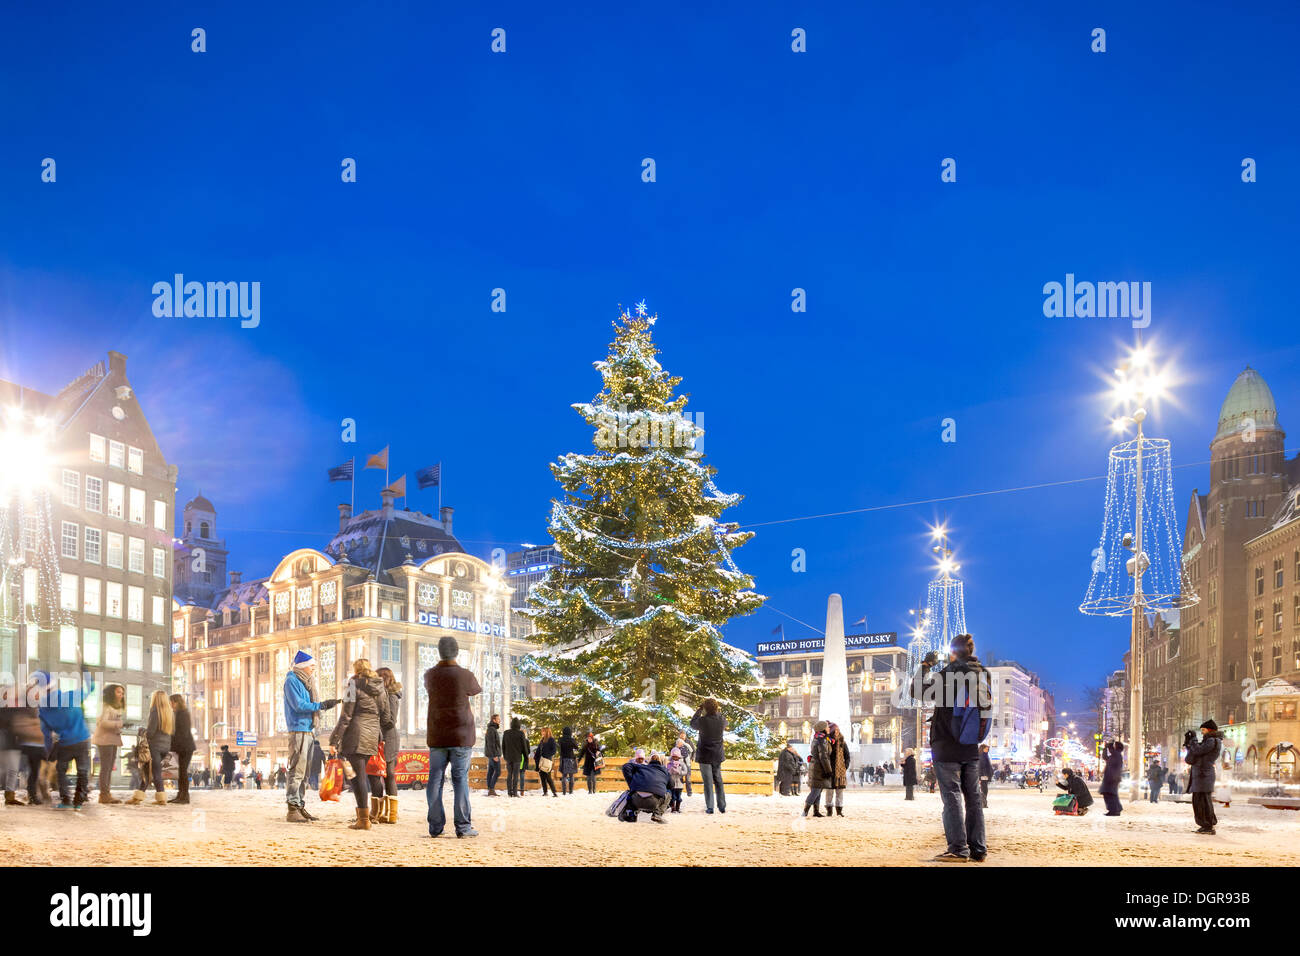 L'arbre de Noël d'Amsterdam w neige, feux de Noël sur la place du Dam avec les gens, touristes, visiteurs, poser et prendre des photos au crépuscule Banque D'Images
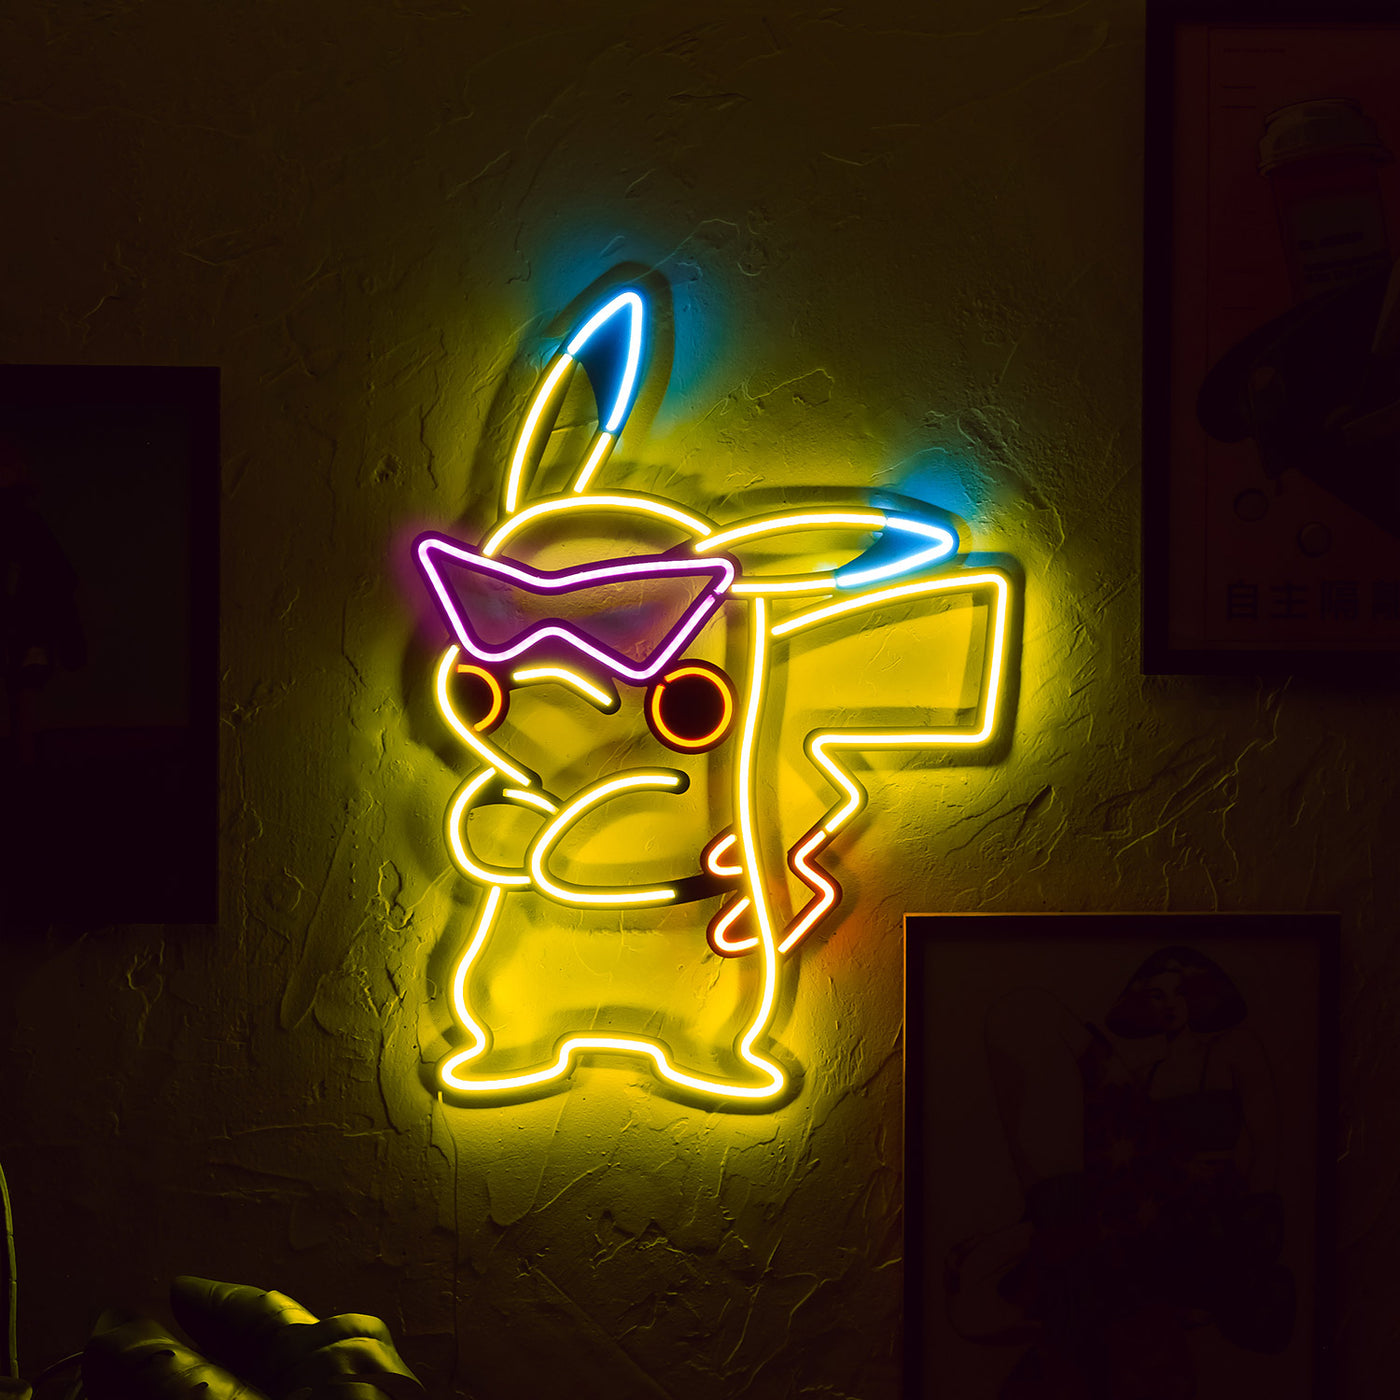 Arte de pared de neón inspirado en Pikachu 
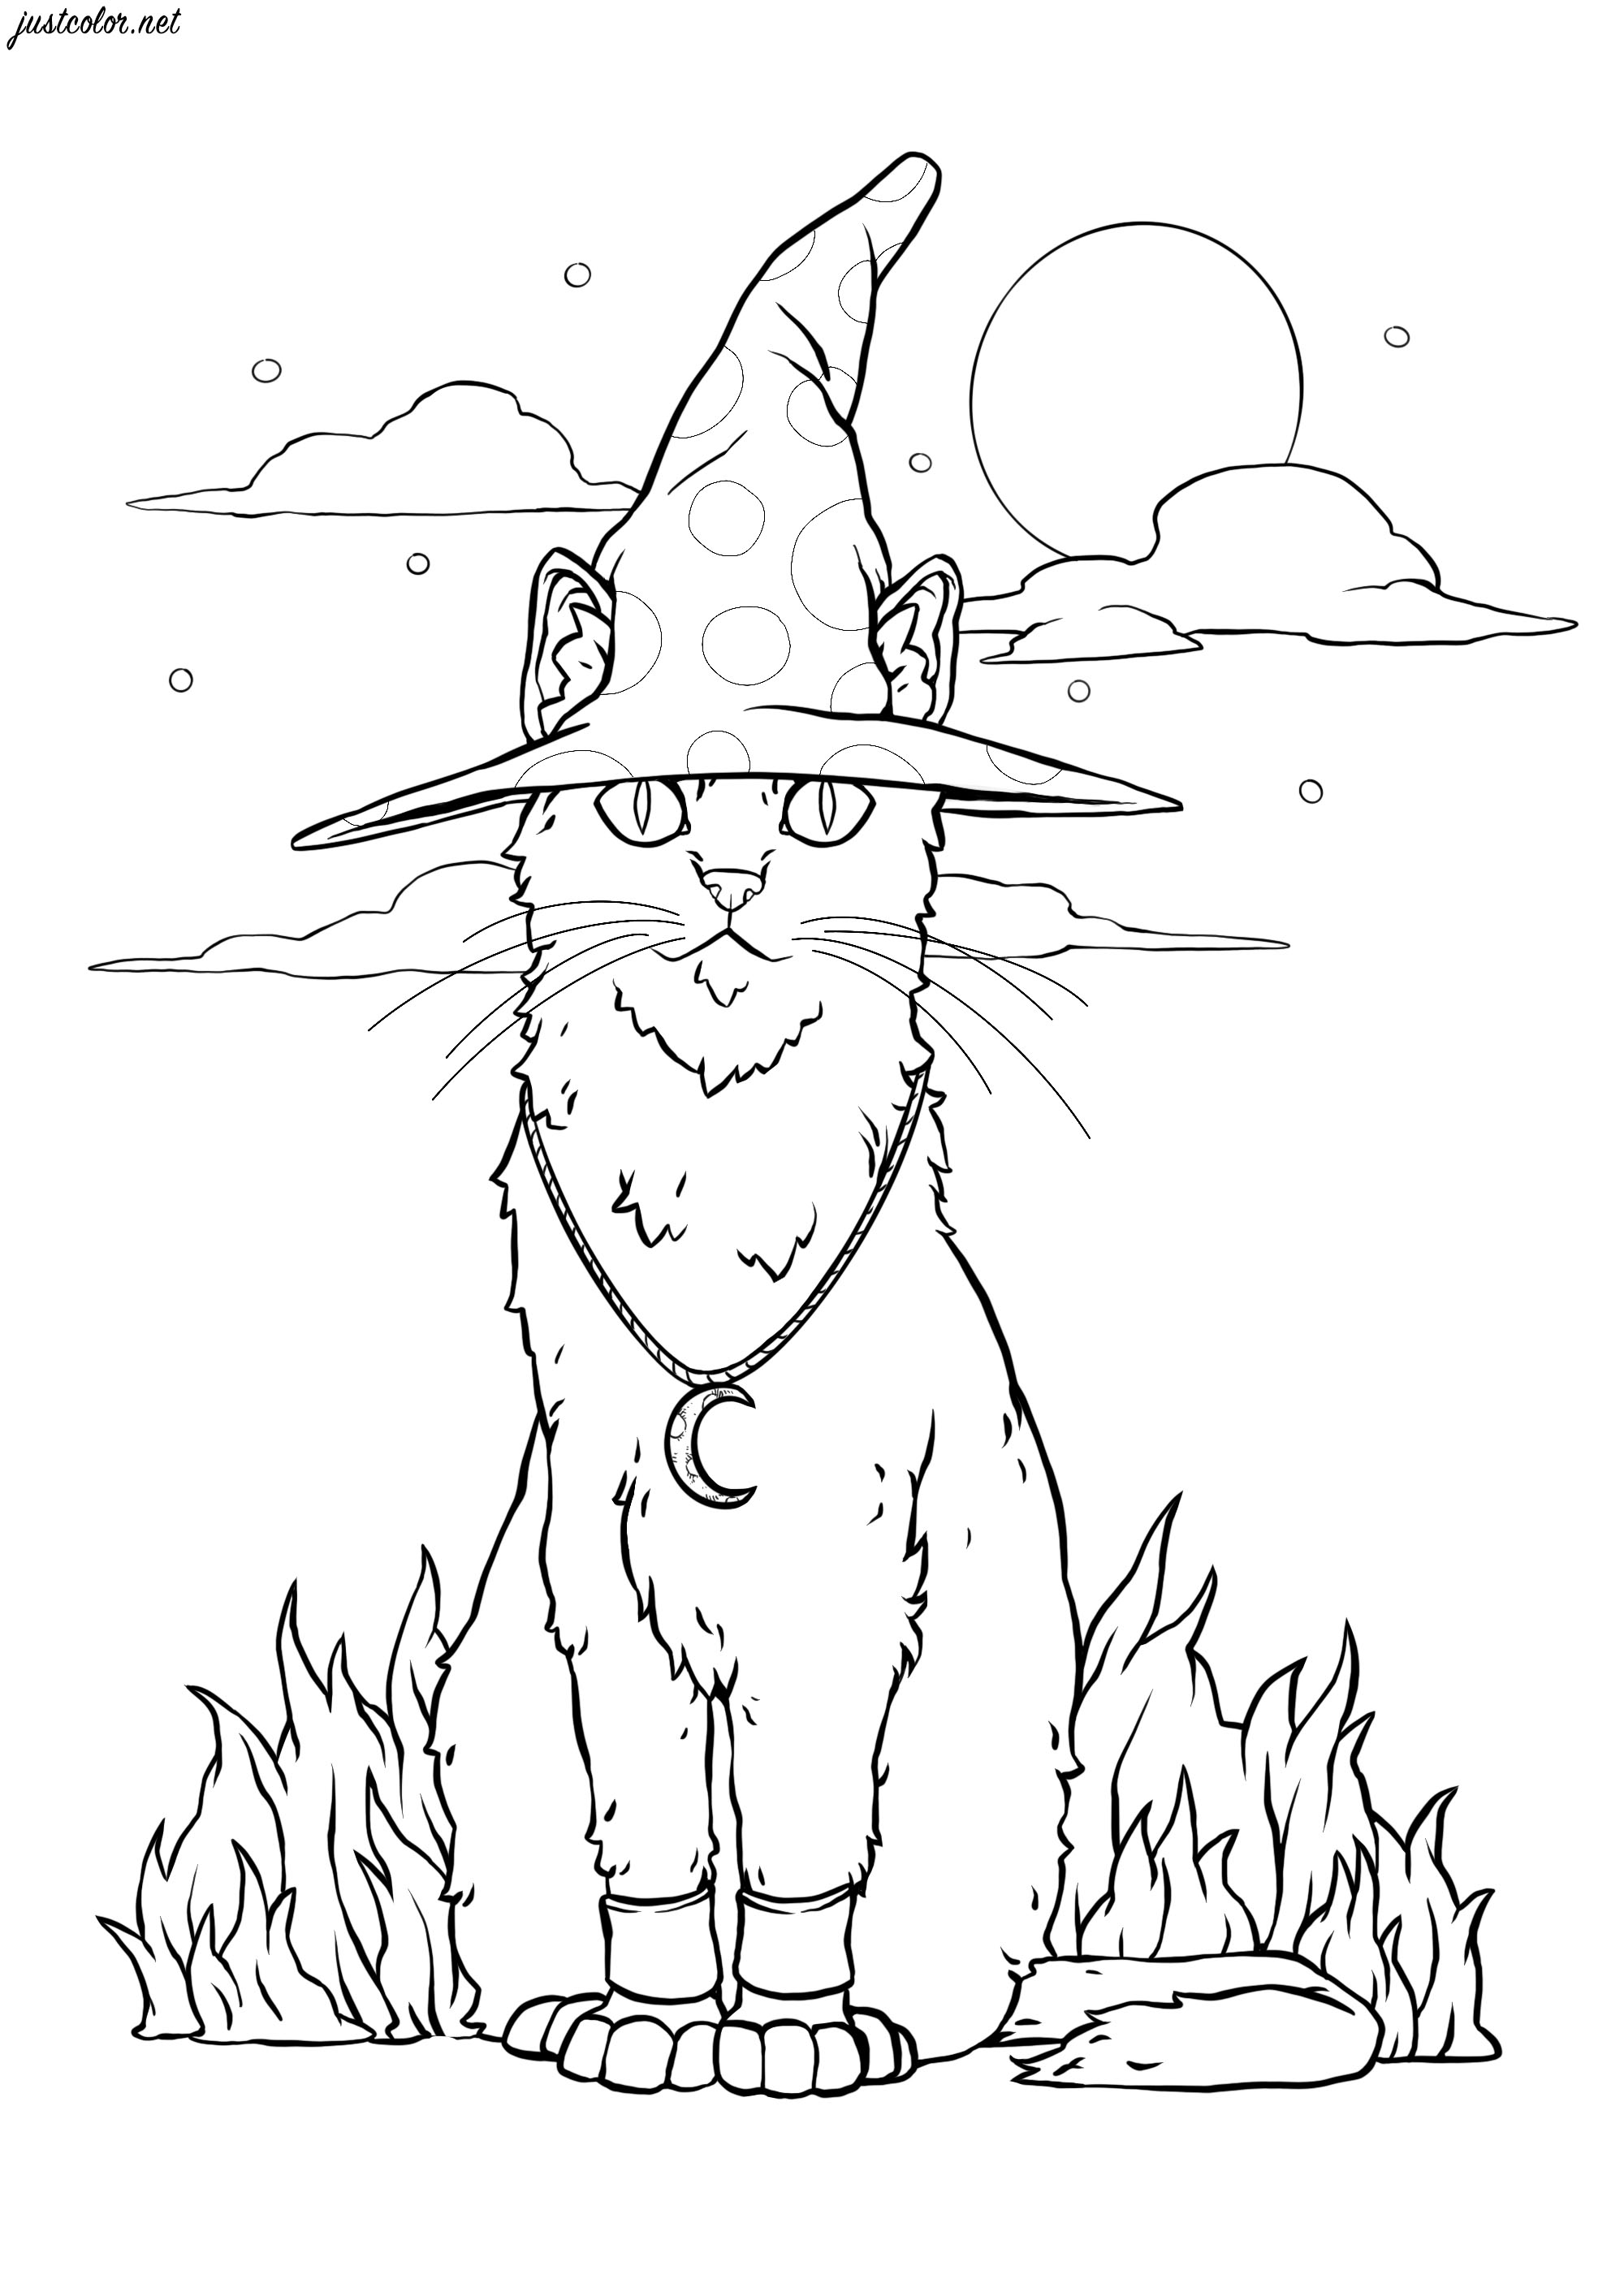 Un sorcier transformé en chat malicieux ... Un sorcier a été transformé en chat ... A vous de le colorier pour lui faire reprendre sa forme initiale !, Artiste : SPZ artworks

- _WHAT IS EXPECTED_
Would you print the whole listing exactly, omitting the pictures?

- _TASK ANSWER_
 L'arbre de Noël d'Amsterdam w neige, feux de Noël sur la place du Dam avec les gens, touristes, visiteurs, poser et prendre des photos au crépuscule Banque D'Images
 Arte de pared de neón inspirado en Pikachu 
 Un sorcier transformé en chat malicieux ... Un sorcier a été transformé en chat ... A vous de le colorier pour lui faire reprendre sa forme initiale !, Artiste : SPZ artworks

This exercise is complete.